Other research found that intolerable tension is the most frequent emotion reported by self-harmers, and that self-harming, such as cutting, reduced the tension (Harrington, 2005). Ellis emphatically states, “that low frustration tolerance (LFT) is one of the most common instigators of people’s emotional disturbing.” He continues, “forms of it are ubiquitous: people procrastinate on tasks and miss important deadlines; they voluntarily start a project and then give it up when they encounter snags; they seek medical advice and then refuse to abide by it; and fail to start or persist in numerous other beneficial aspects of everyday life” (Ellis, 2002, p. 28).

One of the more serious dangers of frustration is misplaced aggression, abusing unsuspecting others as an outlet for our stress. In a cruel game of passing the stress along, we react, causing harm to those more vulnerable than ourselves.

What Causes of Low Frustration Tolerance?

The cause is never simple. Many factors combine to create a trait. Genes, prenatal development, parenting, neighborhoods, and trauma. Even when research discovers associated causes, individual reaction to the same causes vary greatly. Many suggested cures ignore the complexity, focusing on single causes. Even great minds, like that of Albert Ellis, often delve into single causes (such as unrealistic beliefs) and fail to include the possible presence of other significant contributors when designing treatment plans.

Personality and behavioral traits all begin in the genes. Embryos inherit their biological equipment. They are born with varying levels of sensitivity to their environments.
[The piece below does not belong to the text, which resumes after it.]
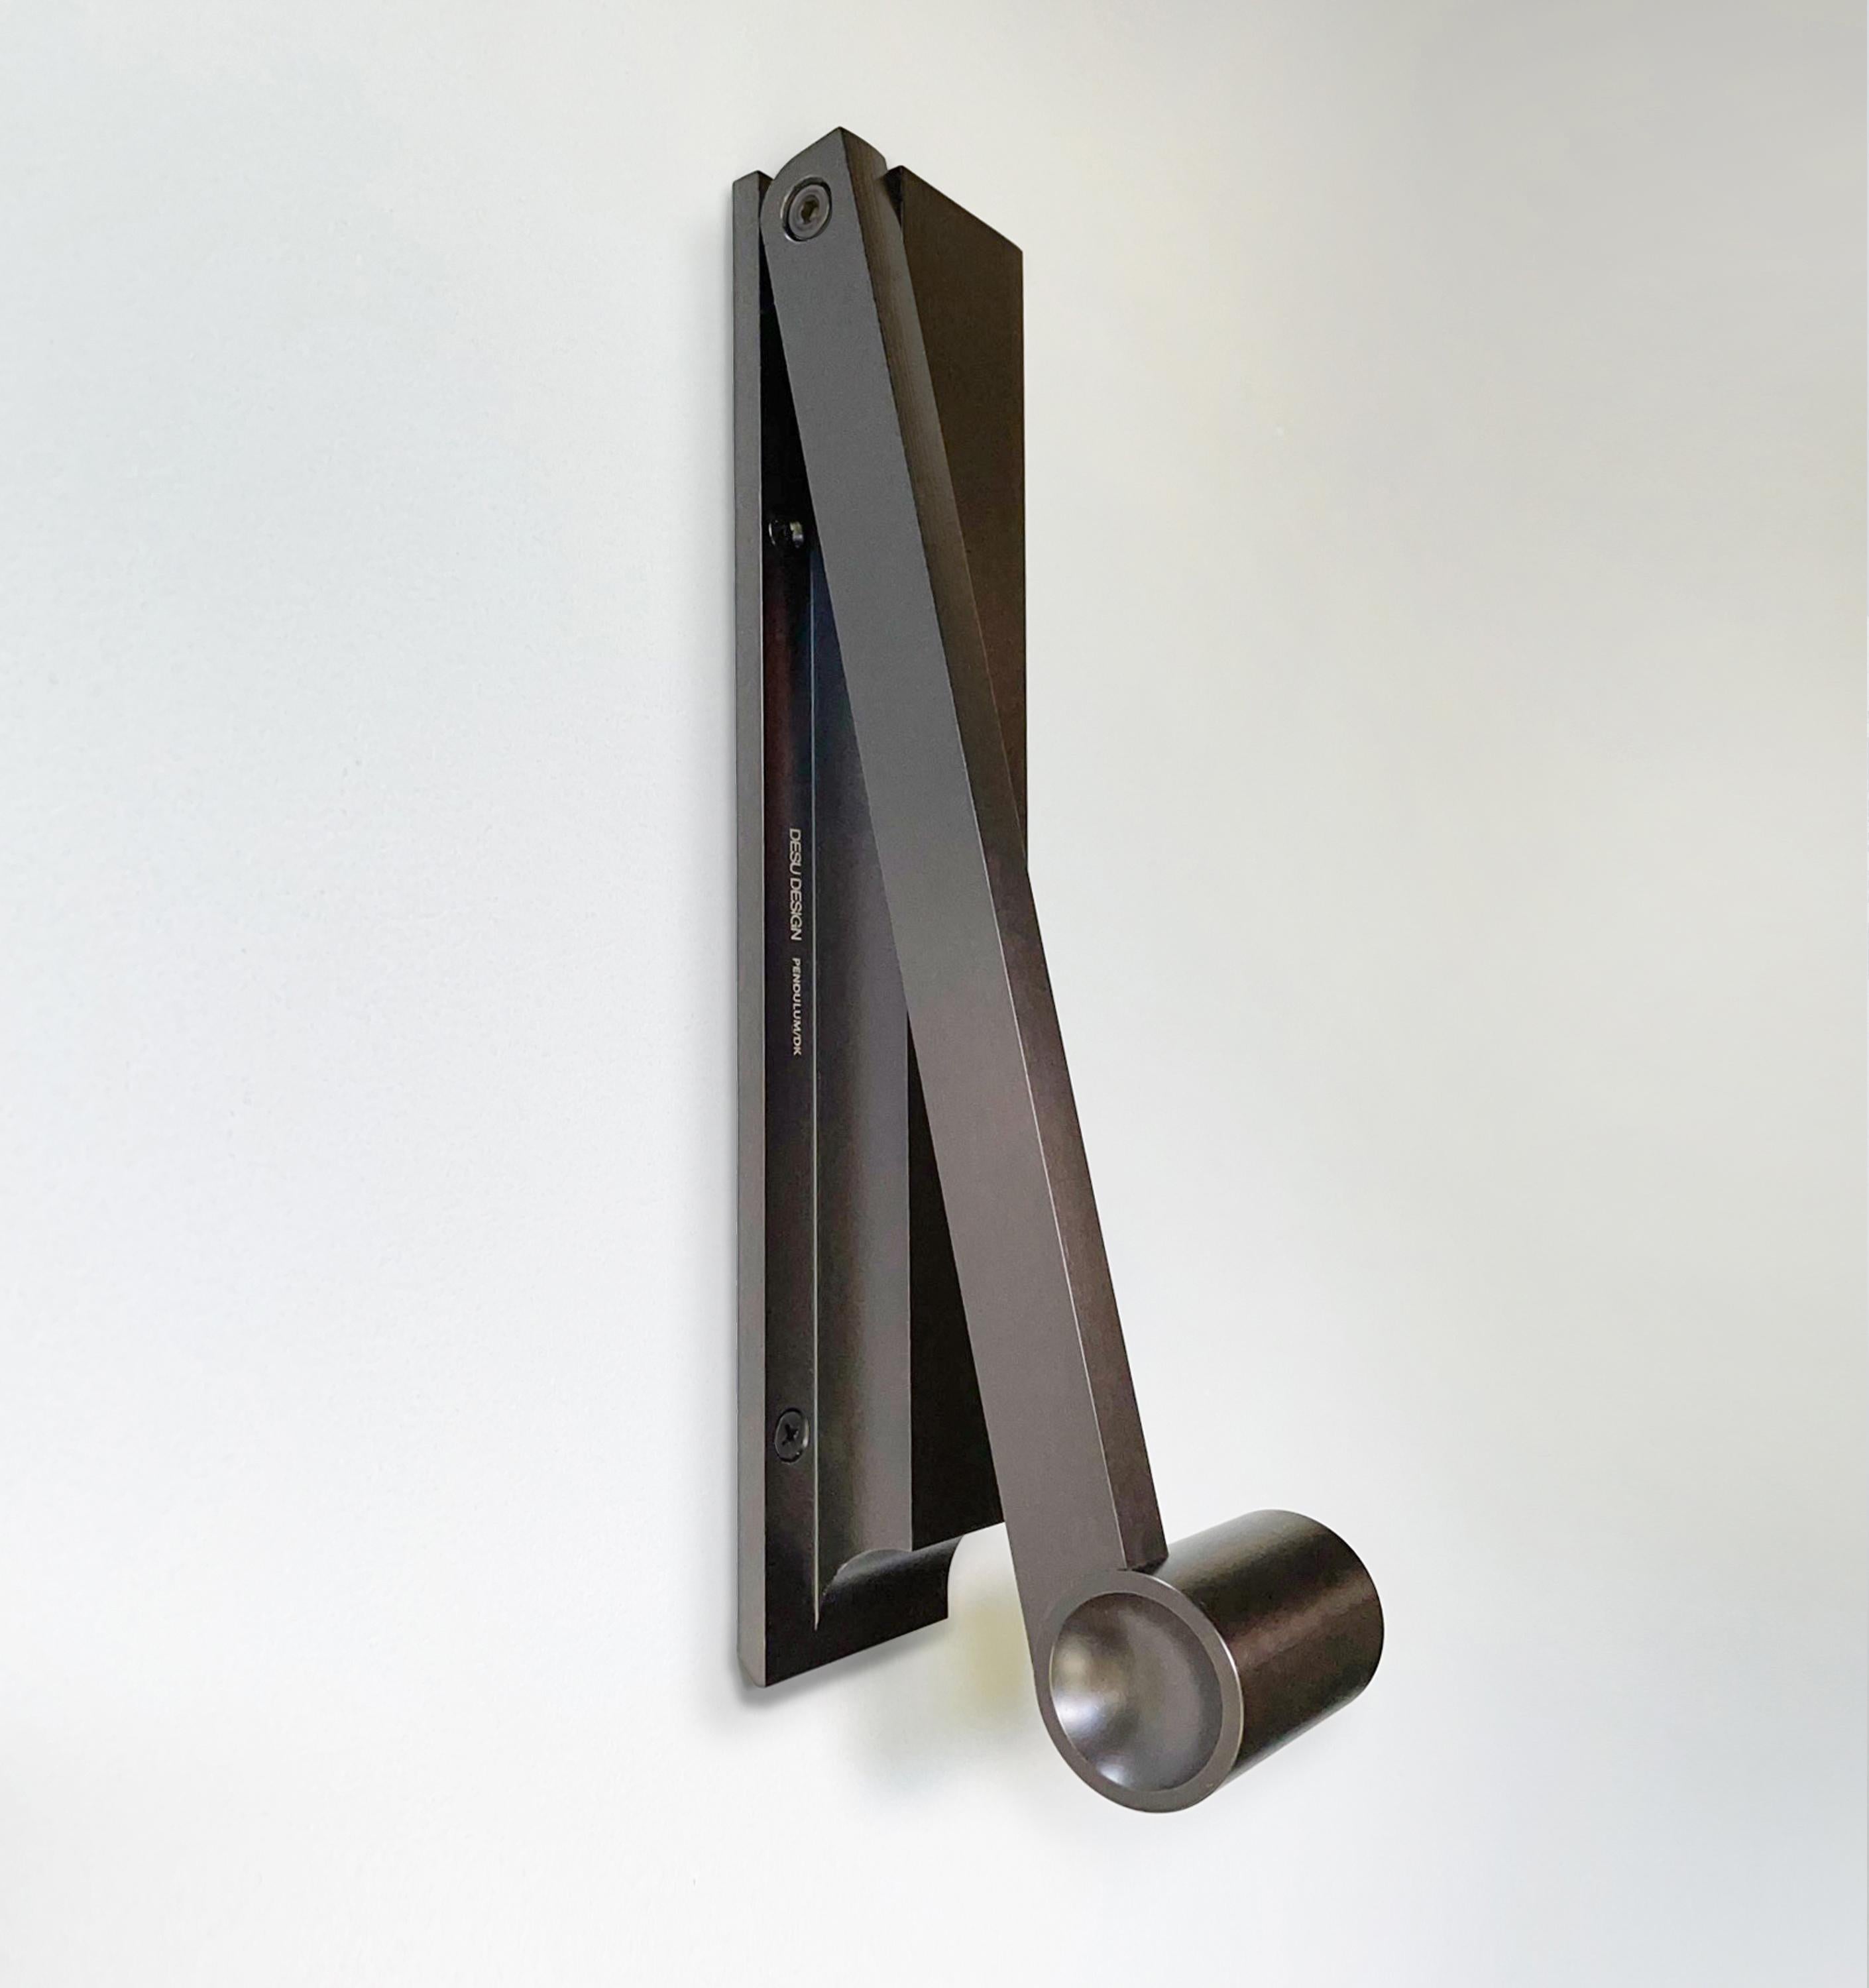 Le heurtoir de porte sculptural Pendulum associe l'artisanat du vieux monde à une utilité sans fioritures pour créer un art minimaliste. Le poids élevé de la poignée est agréable dans la main et les côtés sont légèrement en retrait pour une prise en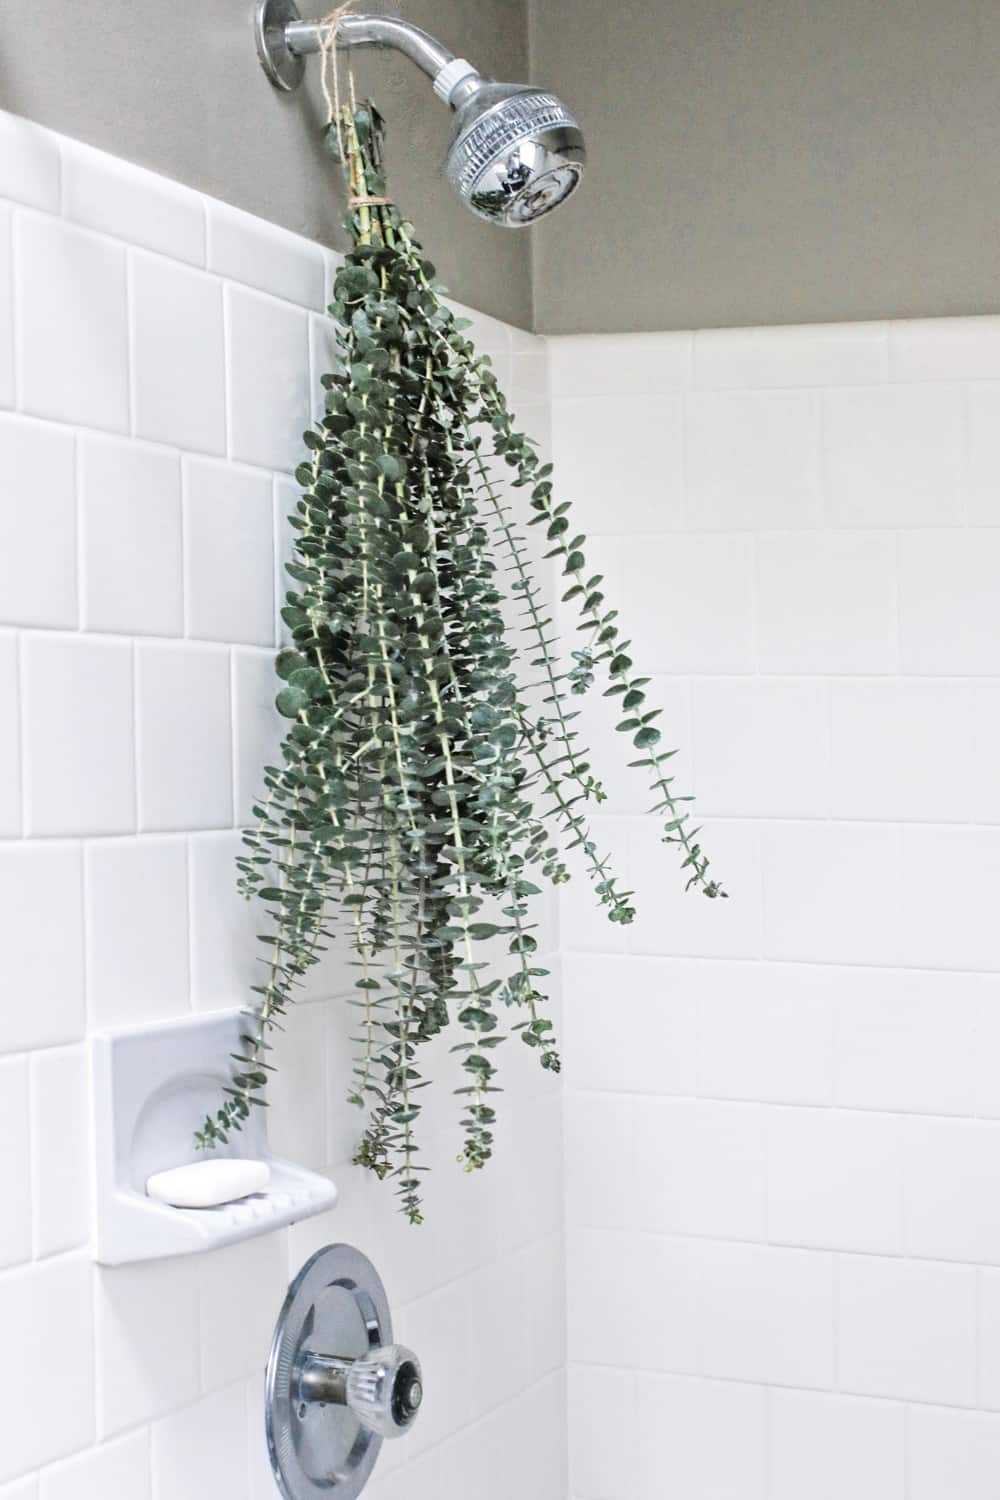 Comment faire une douche d'eucalyptus pour nettoyer les sinus

These beginnings influence all interactions, setting the foundation for learned reactions to frustration.

“Prenatal environments can either maximize healthy development or create biological behavioral vulnerabilities in a child’s brain. (Karr-Morse, 2014, Location 1217).

The child moves into a world of others. Attachmentssecurity, and trauma continue to enhance the trajectories of development. Daniel Seigel described frustration as a “precursor emotion” preceding the development of other emotional states such as Joy, fear, and anger. As a child develops, the differentiation of primary emotions into categorical ones becomes more and more sophisticated. (2020, Location 6349). Many adult emotions grow from the initial beginnings of frustration.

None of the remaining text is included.